■ **PROBLEM**
No picture belongs in the copy. Repeat each line below exactly.

■ **RECORDED INFORMATION**

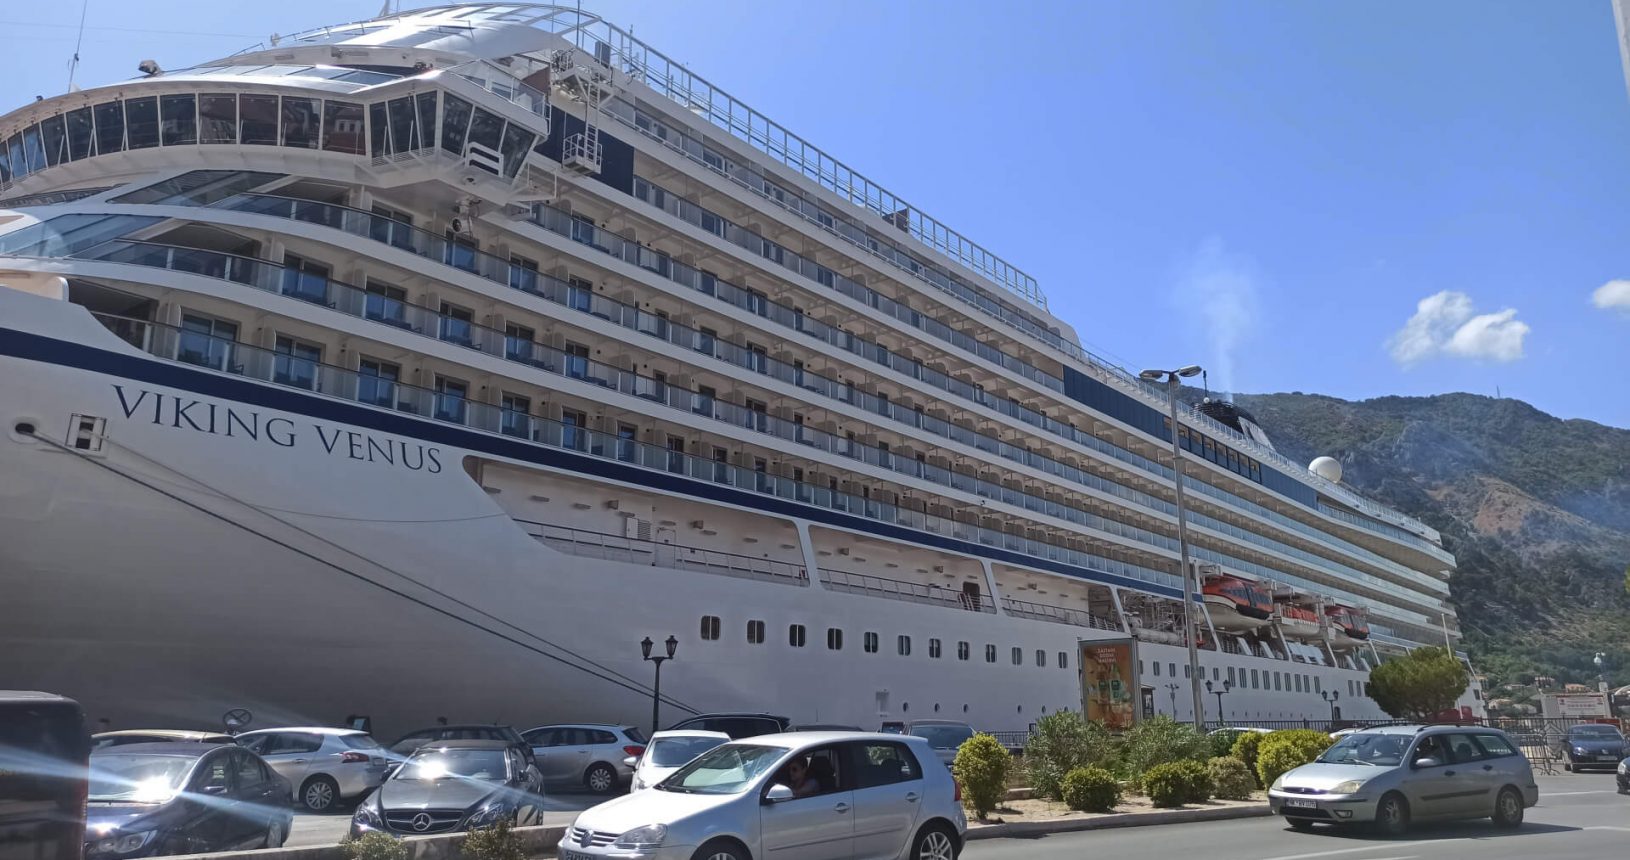 Huge cruise ship in the port of Kotor 1626535176762
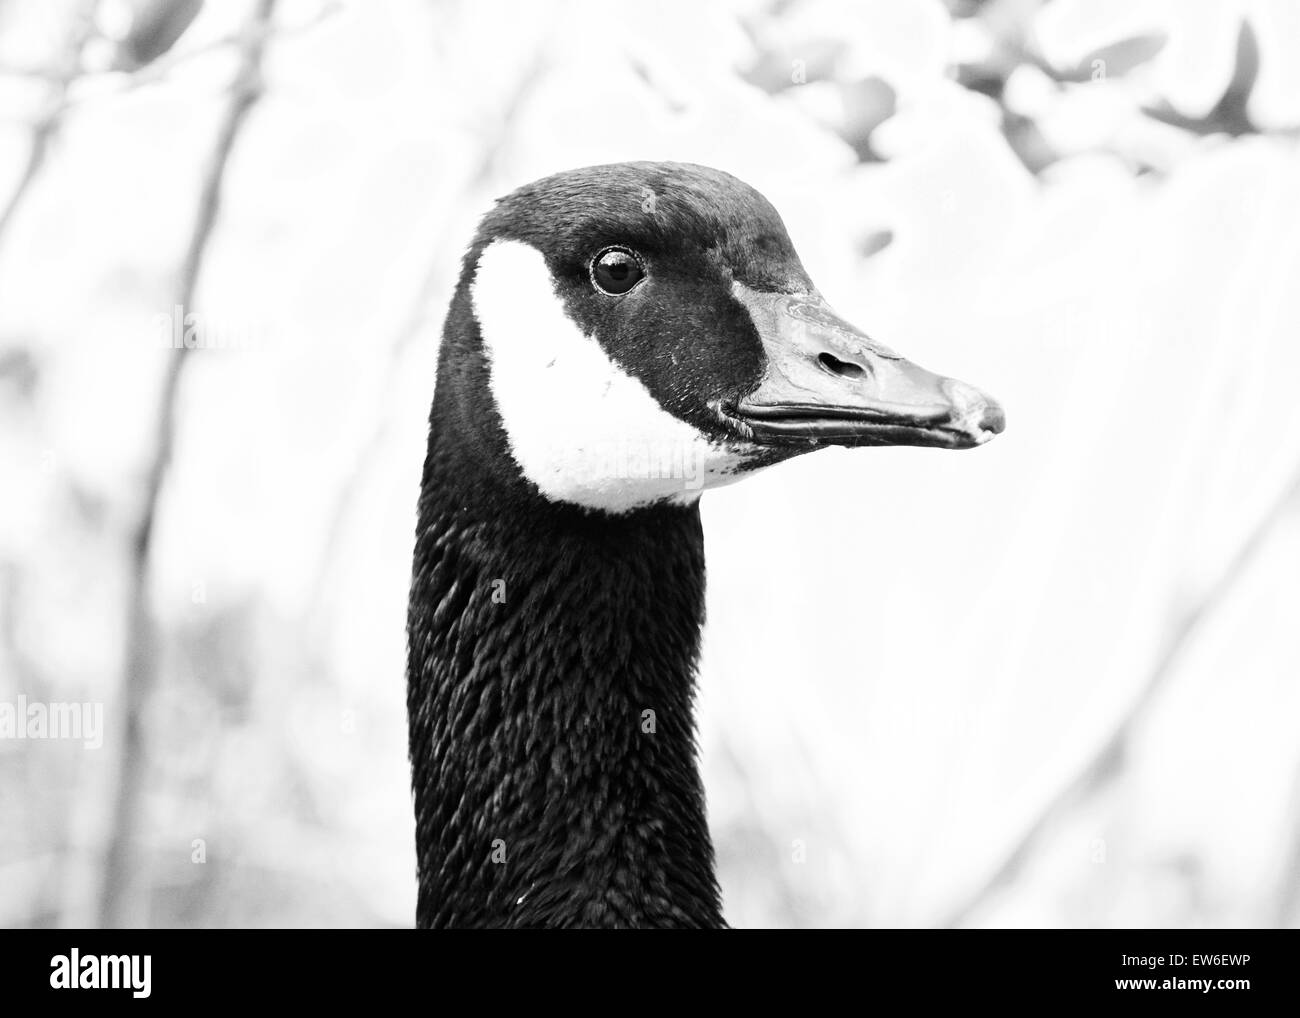 Goose neck Black and White Stock Photos & Images - Alamy
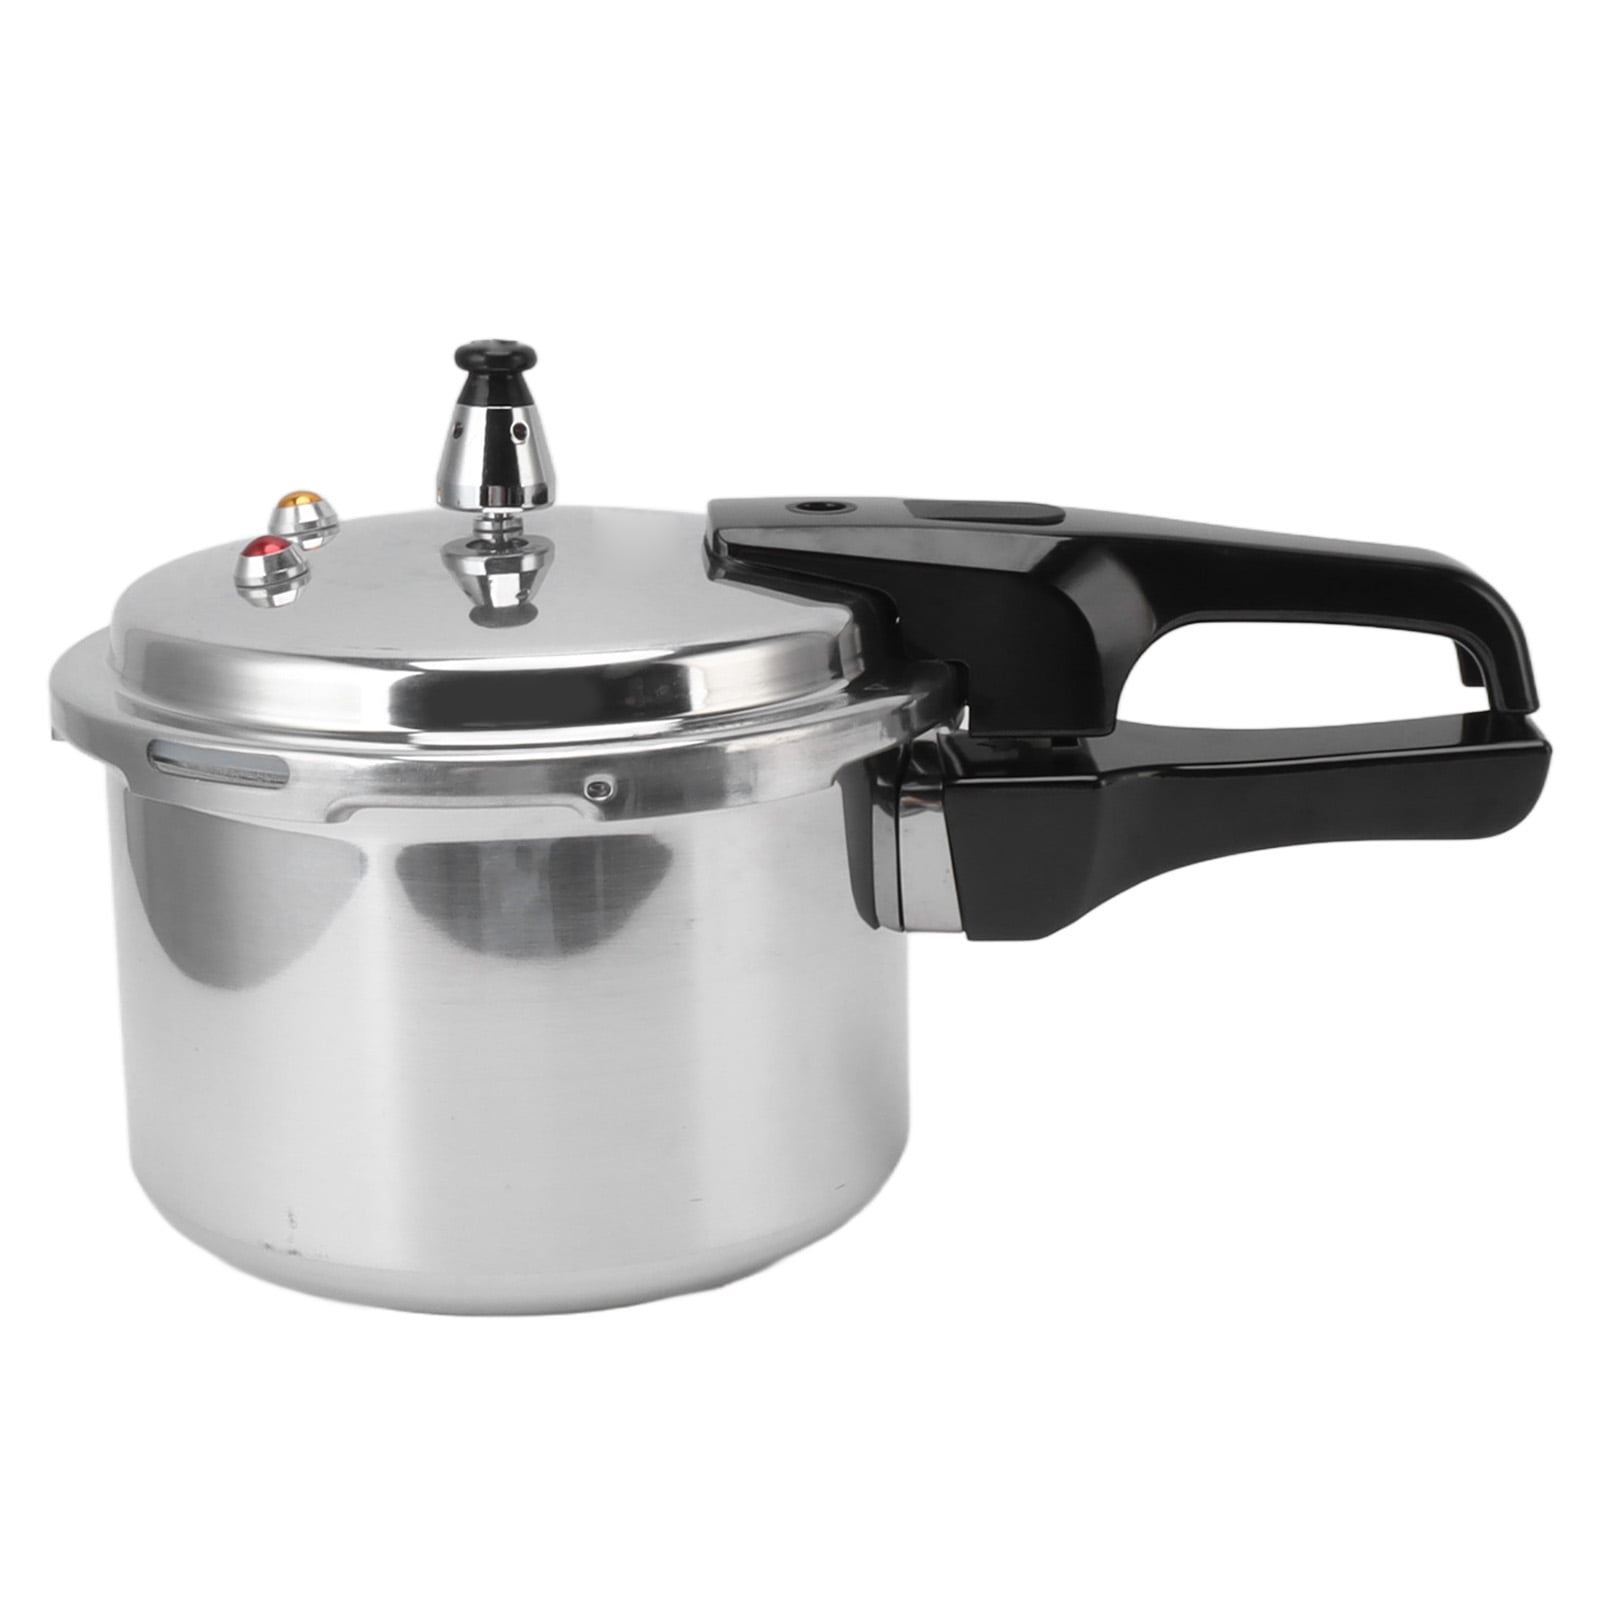 12-Quart Stainless Steel Pressure Cooker Classic series - Silver

■ **SOLVED PROBLEM**
 Huge cruise ship in the port of Kotor 1626535176762
 Goose neck Black and White Stock Photos & Images - Alamy
 12-Quart Stainless Steel Pressure Cooker Classic series - Silver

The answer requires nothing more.